Reasoning models struggle to control their chains of thought, and that's good
OpenAI introduces CoT-Control, a framework for evaluating how well reasoning models can deliberately manipulate or suppress their chain-of-thought outputs. The finding that models struggle to control their CoT is framed as a positive safety property, reinforcing the argument that visible reasoning traces serve as a meaningful monitorability safeguard. This contributes to ongoing research on whether chain-of-thought transparency is a reliable alignment and oversight tool.
Introducing OpenAI o1
OpenAI announced o1, a new series of AI models designed to spend more time 'thinking' before responding, using chain-of-thought reasoning to tackle complex problems in science, coding, and mathematics. The o1-preview and o1-mini models are being released, with o1-preview representing the most capable version and o1-mini offering a faster, cheaper alternative optimized for coding and reasoning tasks. OpenAI claims o1-preview ranks in the 89th percentile on competitive programming problems and performs at a PhD level on science benchmarks. This release marks a significant shift in OpenAI's approach to scaling, moving from purely training-time compute to inference-time compute as a new axis of capability improvement.

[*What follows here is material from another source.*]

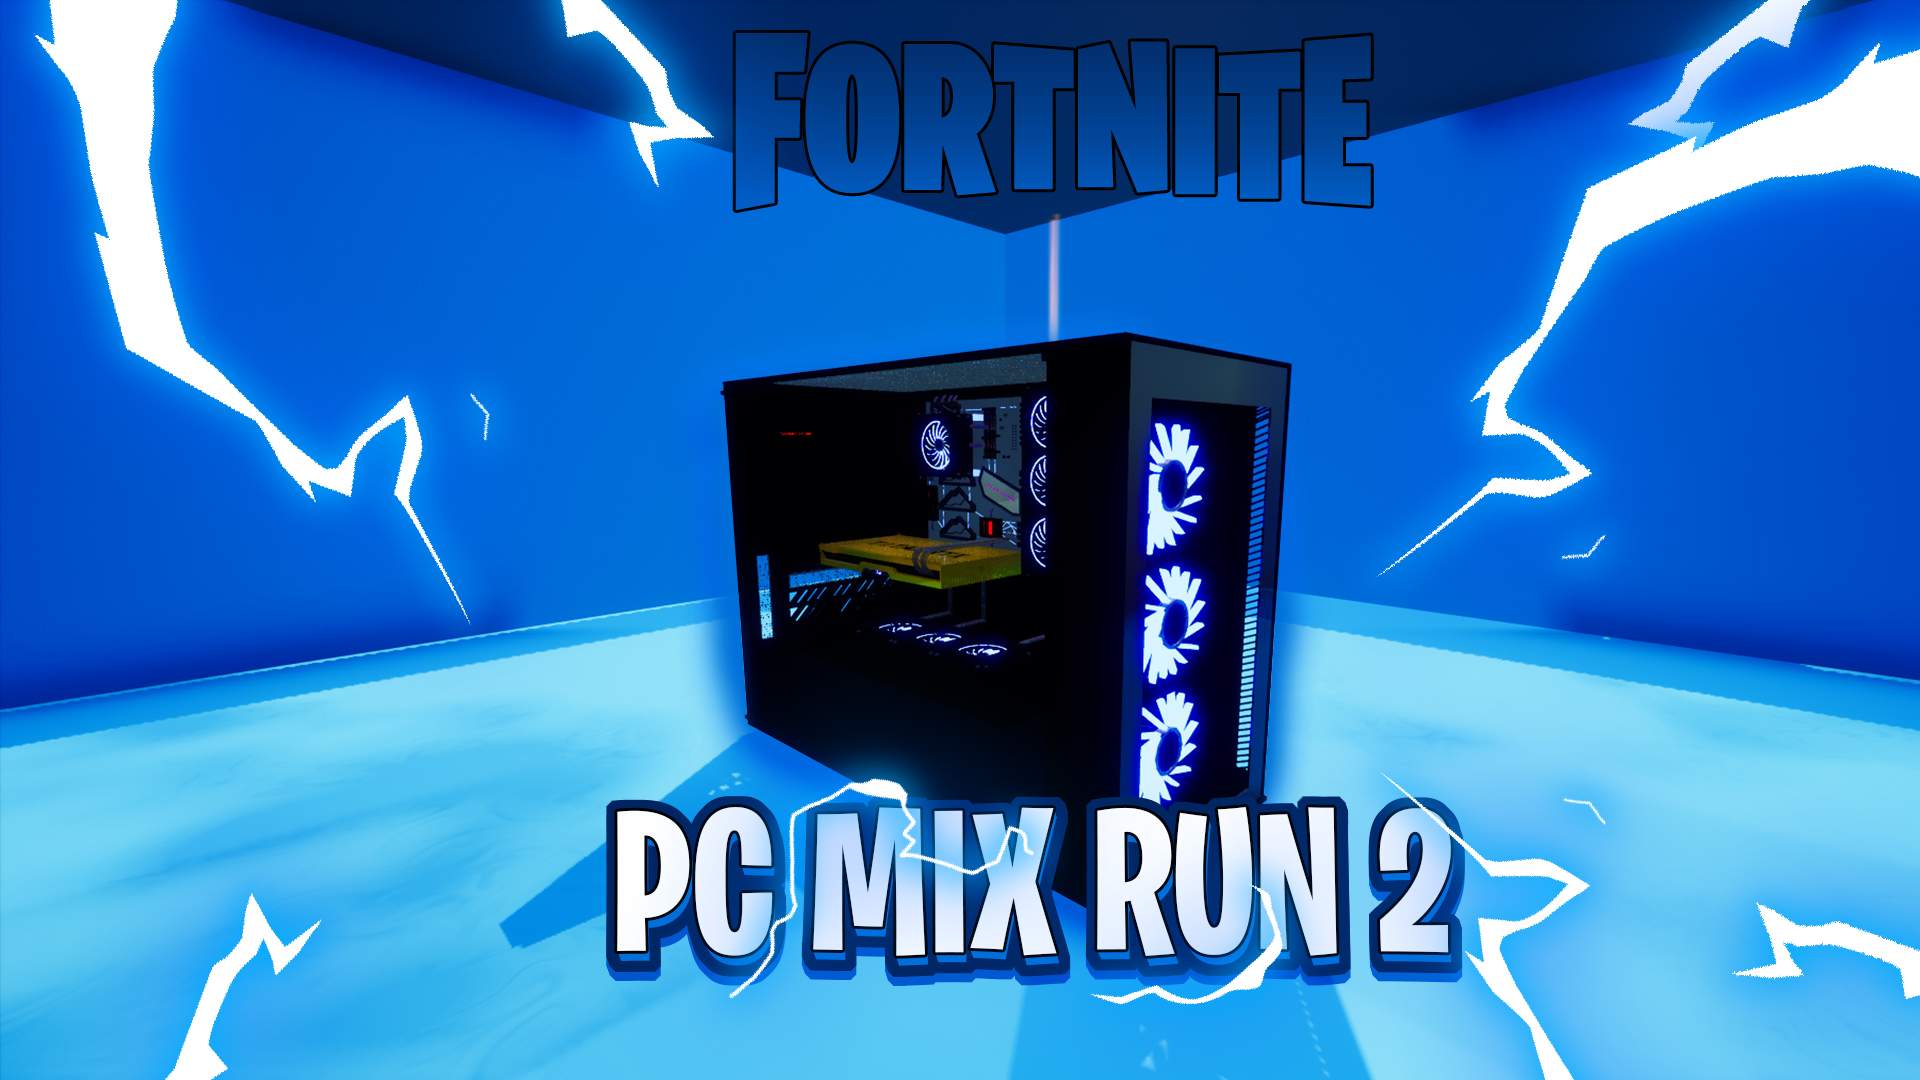 PC MIX RUN 2

ATLAS: Unified Agentic and Latent Visual Reasoning via Functional Tokens
ATLAS proposes a framework where a single discrete 'functional token' serves dual roles as both an agentic operation trigger and a latent visual reasoning unit in multimodal models. This design avoids the computational cost of generating intermediate images while sidestepping the context-switching latency of external tool calls and the generalization limitations of pure latent methods. The framework is compatible with standard SFT and RL training pipelines without architectural changes, and introduces Latent-Anchored GRPO (LA-GRPO) to stabilize reinforcement learning when functional tokens are sparse. Experiments show strong performance on visual reasoning benchmarks with maintained interpretability.